The strongest argument for the compromise McCain and Bush reached yesterday is, to my mind, a national security one. Bush realized that harsh negative perceptions of America abroad were harming the country. The torture issue had become the most noxious symbol of what the world saw as America's arrogant lawlessness. But to Bush, it was also a symbol of his vow to do whatever it took to make the United States safe. So the two most stubborn men in America, McCain and Bush, struggled to find language they could both live with.
I credit Bush for realizing that he had to give ground. He needed to do something on the torture issue to protect the country's standing in the world -- even something that he rightly believed carried risks for the United States. The man who famously never wants to change course or admit mistakes finally did both. In formally renouncing the anything-goes mentality that followed Sept. 11, he has begun restoring America's badly tarnished image.
And what of McCain, the man who felt the outrage of torture on his lacerated skin and broken bones in a Vietnamese prison? I think he sealed his place in American history this week, whatever happens to him down the road. He simply would not give up on this issue. He took it to the president personally in a phone call in early November, all but pleading with the White House to change course. Bush responded by instructing his national security adviser, Stephen Hadley, to begin confidential negotiations, something that wasn't easy for the garrulous McCain.
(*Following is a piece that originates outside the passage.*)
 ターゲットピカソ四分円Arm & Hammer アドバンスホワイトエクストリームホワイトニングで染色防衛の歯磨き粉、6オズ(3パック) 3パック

Some advocates of the torture ban have argued that we're not really giving anything up, because torture never works. If that were true, this wouldn't be a genuine moral choice. But in fact, America will lose some leverage in interrogations. There's no escaping the reality that people may die in future terrorist attacks because we have opted for a moral choice.
To understand what difference a ban on torture will make, I spoke this week with British sources about the interrogation techniques used against the Irish Republican Army in the early 1970s. The British were facing a hideous IRA bombing campaign, and to stop the bombers, the British army and police in Northern Ireland tried to squeeze information from their IRA prisoners.
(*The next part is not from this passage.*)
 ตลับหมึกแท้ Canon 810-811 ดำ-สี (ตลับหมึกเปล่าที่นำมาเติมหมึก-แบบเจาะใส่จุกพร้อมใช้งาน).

The British recognized what every cop knows -- that interrogation is much easier if the prisoner is disoriented. So the British put hoods on their IRA prisoners, just as U.S. interrogators have done in Iraq. The British approved other, harsher methods: depriving IRA prisoners of sleep, making them lean against a wall for long periods, using "white noise" that would confuse them.
The clincher for British interrogators was mock execution. The preferred method in the mid-1970s was to take hooded IRA prisoners up in helicopters over the lakes near Belfast and threaten to throw them out if they didn't talk. Sometimes, they actually were thrown out. The prisoners didn't know that the helicopter was only a few yards above the water. I'm told that technique nearly always worked. (So, too, with the "waterboarding" that U.S. interrogators used to break al Qaeda leader Khalid Sheik Mohammed.) The British eventually had to give up their extreme techniques because of public outcry, and I'm told they got less information. But they eventually prevailed against the IRA.
What of the extreme case that should haunt us all, when an al Qaeda prisoner may know the location of a ticking nuclear bomb? Here, too, the right answer is the rule of law. Under the new rules, an aggressive interrogator who discovers information that prevents a nuclear attack may still be charged with a crime. But I doubt any judge or jury would ever convict him. That's the essence of a lawful society -- that hard decisions are left to courts, not to individuals. McCain got it exactly right when Newsweek asked him about this ultimate test. "You do what you have to do. But you take responsibility for it."
It's a long walk back from Abu Ghraib and Guantanamo Bay, but President Bush took a first step yesterday, prodded by the man who has been his greatest political rival. Their partnership, in itself, is encouraging.